When a first element alloy containing the above oxide (at least one selected from Si oxide, Zr oxide, Hf oxide, Ti oxide and Al oxide) is used for the orientation control film 4. Then, the orientation control film 4 can be formed using a target made of a material containing this oxide and the first element. Alternatively, the orientation control film 4 may be formed using a target made of a material containing at least one of Si, Zr, Hf, Ti, and Al and the first element, and using a process gas containing oxygen.

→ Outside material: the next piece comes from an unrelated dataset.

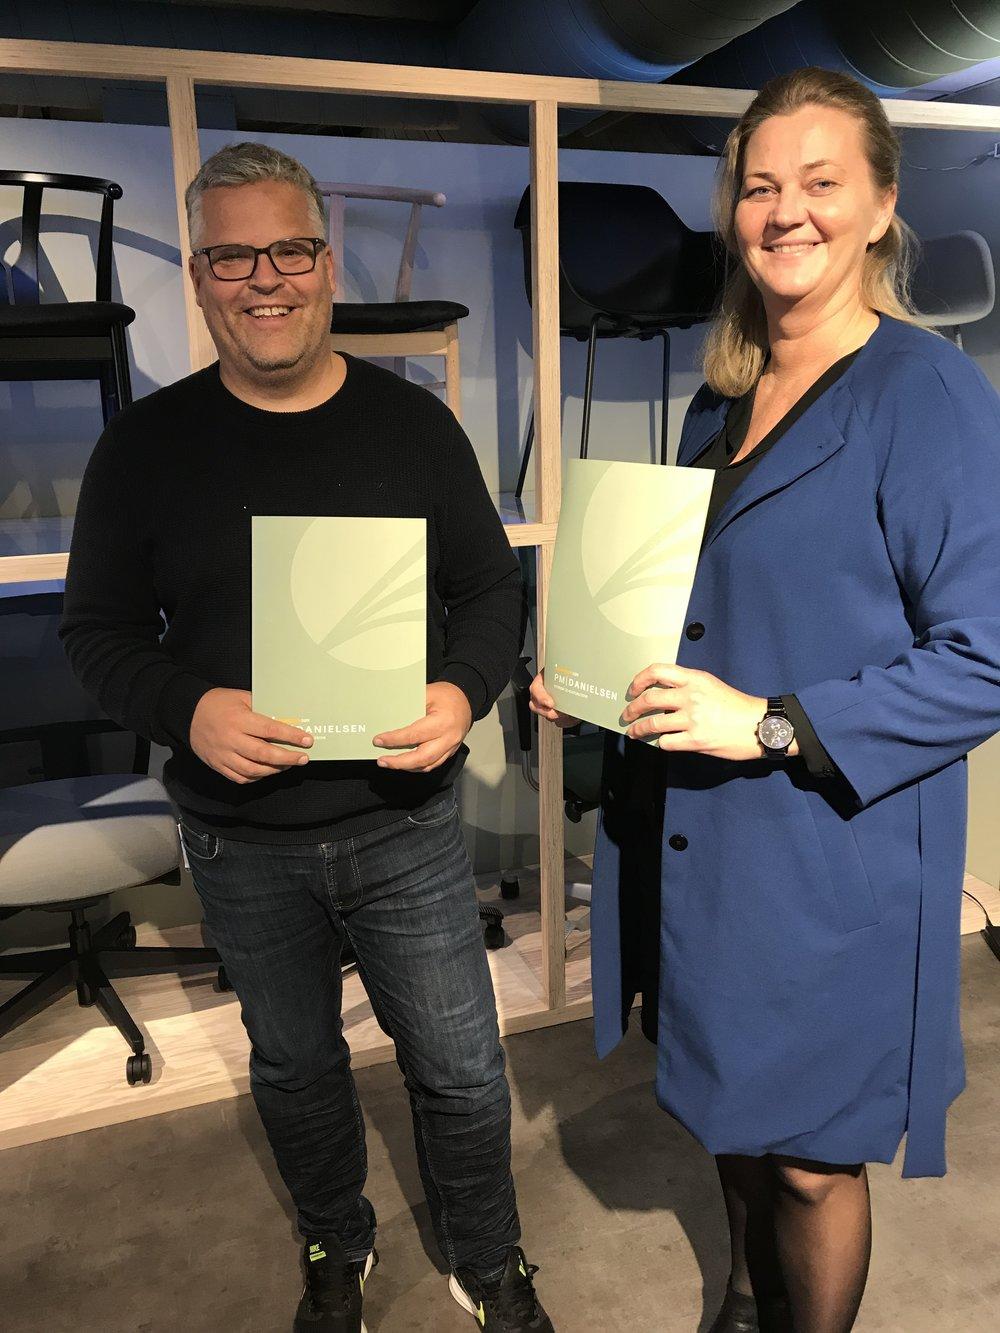 Ingvar Ludvigsen og Ragne Evensen smiler bredt etter at samarbeidsavtalen mellom Sørlandets Travpark og PM Danielsen Interiør og Kontorutstyr AS ble forlenget. Foto: Richard Ekhaugen.

When the perpendicular magnetic film 5 has a multilayer structure composed of a transition metal layer and a noble metal layer, the transition metal (Co, Co
Alloy) and a noble metal (Pt, Pt)
d), the perpendicular magnetic film 5 is formed by alternately sputtering the material of each target.

The protective film 6 can be formed by a sputtering method using a carbon target, a CVD method, or an ion beam method. RF sputtering using a target of SiO ₂ or ZrO ₂ , or Si or ZrO ₂
With the target, by reactive sputtering using a gas containing oxygen as a process gas, SiO ₂ and ZrO ₂
A method of forming the protective film 6 made of When the CVD method or the ion beam method is used, the protective film 6 having extremely high hardness can be formed, and the film thickness can be significantly reduced as compared with the protective film formed by the sputtering method. Therefore, spacing loss during recording and reproduction can be reduced, and high-density recording and reproduction can be performed.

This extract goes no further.